## Exercise
One exact copy of the listing is needed. It should contain no pictures.

## Raw data
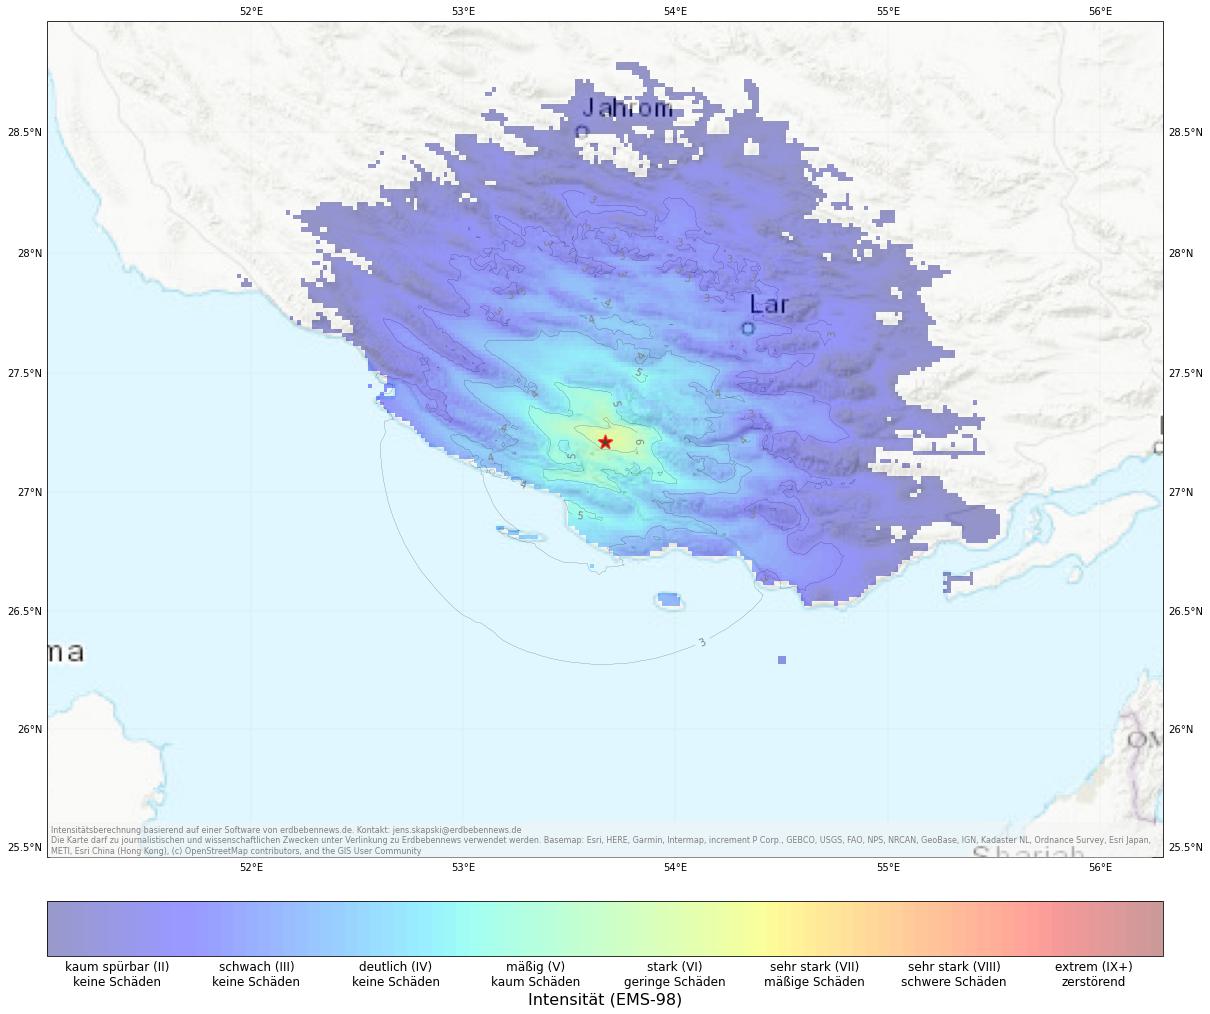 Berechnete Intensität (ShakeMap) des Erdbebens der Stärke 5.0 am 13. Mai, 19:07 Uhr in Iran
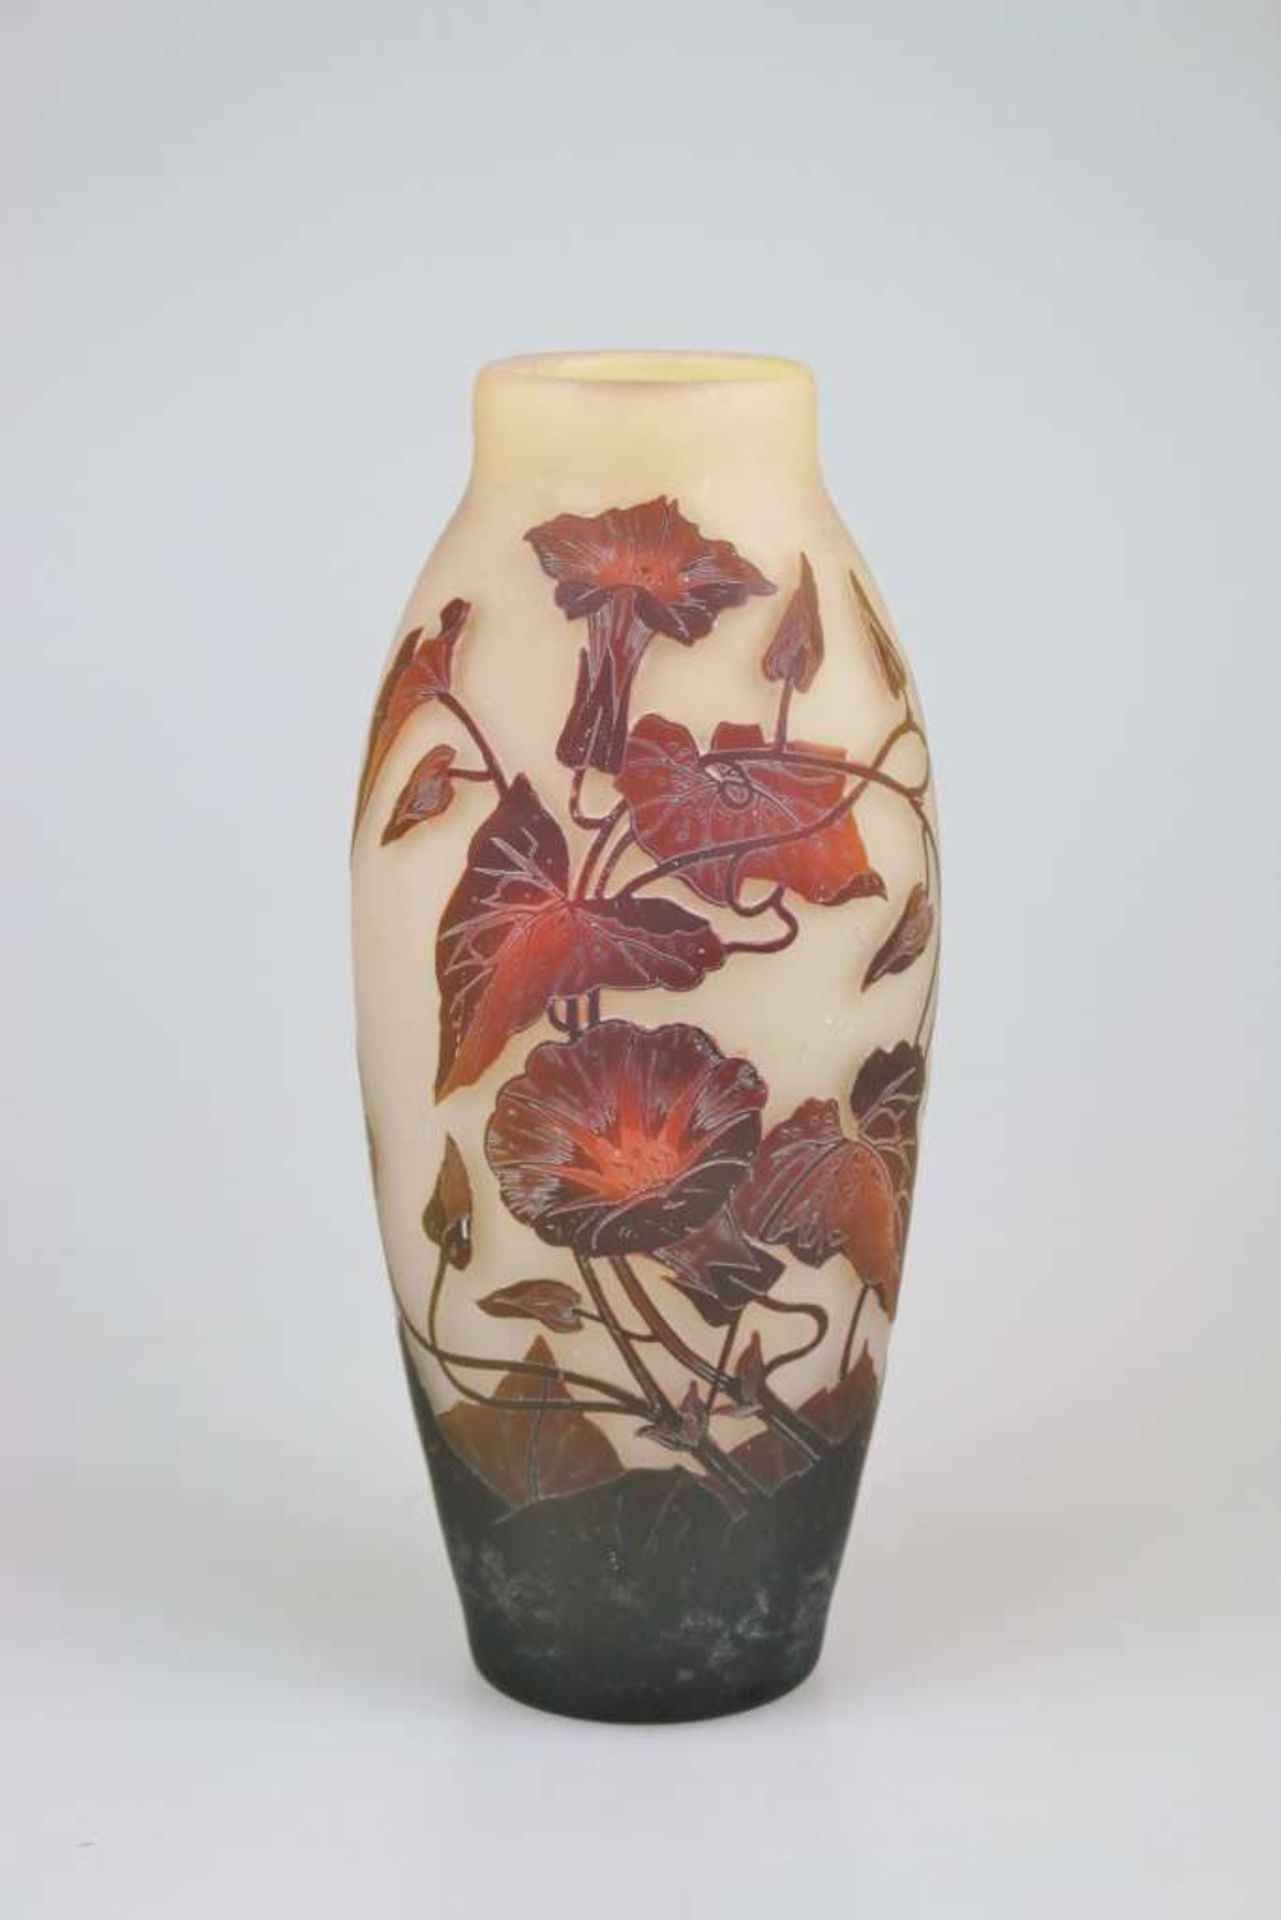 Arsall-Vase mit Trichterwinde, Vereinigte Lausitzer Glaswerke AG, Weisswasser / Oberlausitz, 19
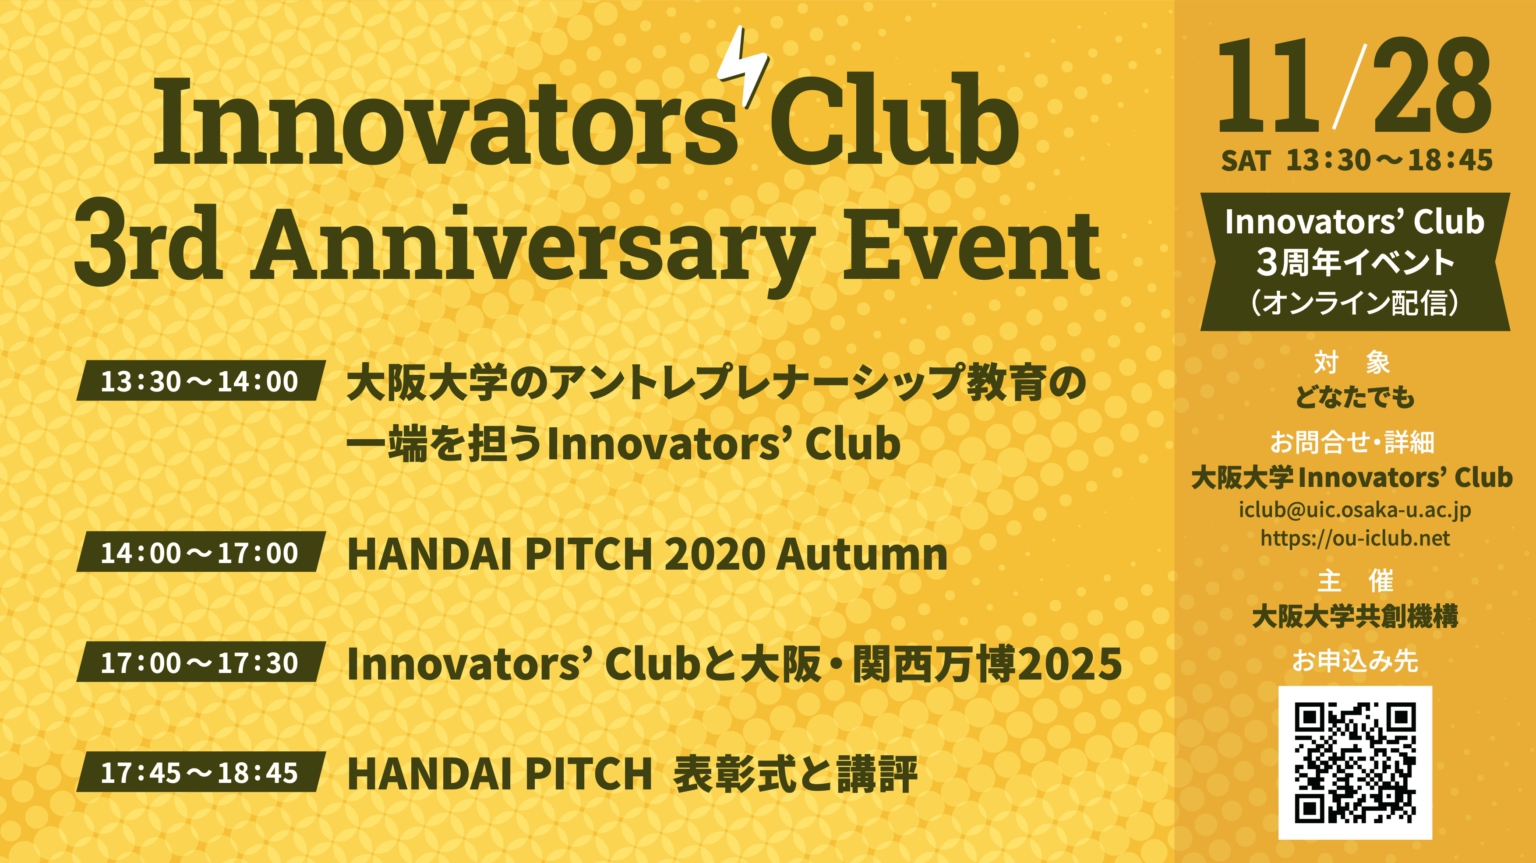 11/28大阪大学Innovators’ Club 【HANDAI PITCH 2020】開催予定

## Answer to this problem
 Berechnete Intensität (ShakeMap) des Erdbebens der Stärke 5.0 am 13. Mai, 19:07 Uhr in Iran
 Arsall-Vase mit Trichterwinde, Vereinigte Lausitzer Glaswerke AG, Weisswasser / Oberlausitz, 19
 11/28大阪大学Innovators’ Club 【HANDAI PITCH 2020】開催予定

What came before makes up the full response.